How do I feel? I’m fully terrified. I’m pretty sad. I just want to be o.k for my family. I try not to think about it too much because that’s when things get crazy and I’m awake all night going through different scenarios in my head. Kate is so young…and Gavin is so busy…and although I’m SO thankful I have an amazing husband, I worry about how crazy the next few weeks will be for him.

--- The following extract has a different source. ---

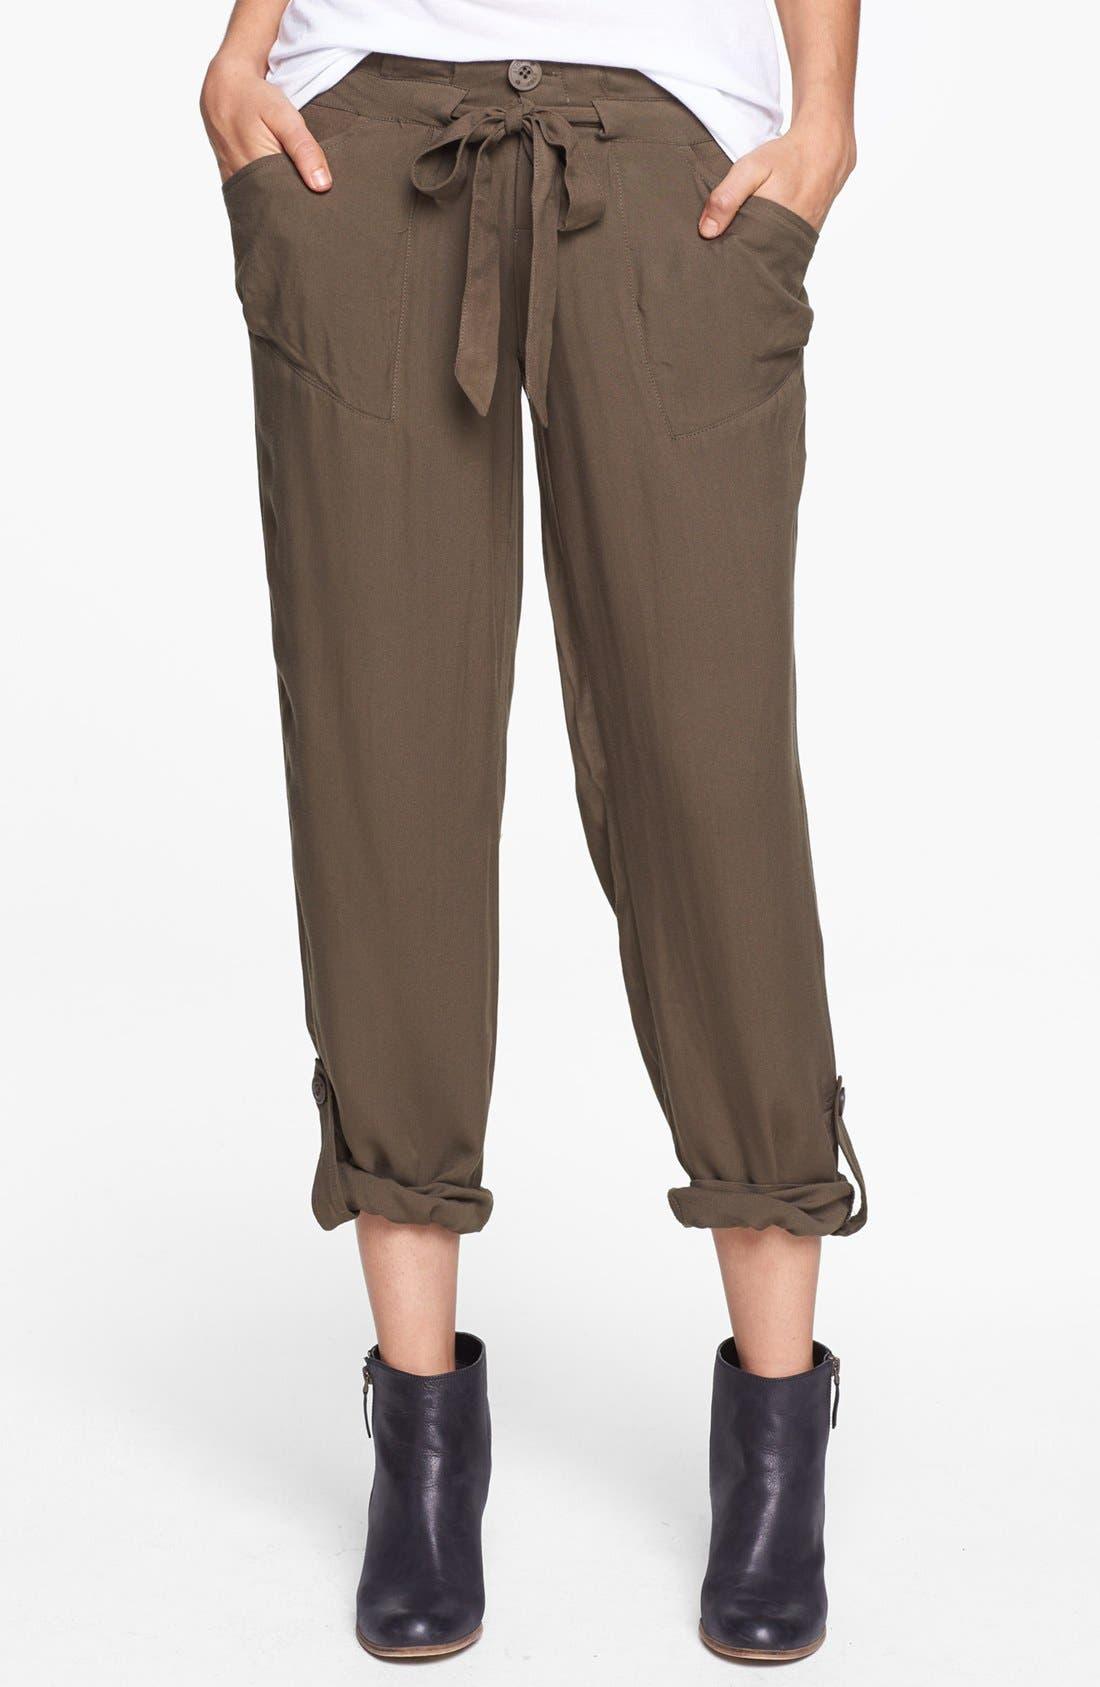 Alternate Image 1 Selected - Jolt Drawstring Woven Pants (Juniors)

My surgery is scheduled for next week – it is all happening so quickly. I will be in the hospital for around 5 days and then I will be recovering at home for a few months. I keep wondering how I can heal faster so that I can go back to work – I have weddings to shoot, I have families to make memories for. But I just need to rest. Heal. Let me body get used to only 1 kidney. I need to do all the things I would tell a friend to do if they were going through this. Work can come later. Take care of yourself and your family.

Jennifer Lee Photography has been around for 8 whole years! Every year more successful than the last. You guys are so amazing – so faithful and supportive! I know you will be right here waiting for me when I’m healed. I am so so grateful.

I have a few amazing photographers in my life that have stepped up and offered to help during this time. They will help to keep my business running  and I’m so so excited to sit back and watch the magic happen.

Thank you again for all of your love and support. I’m so lucky to have such supportive fans rooting for me during this difficult time.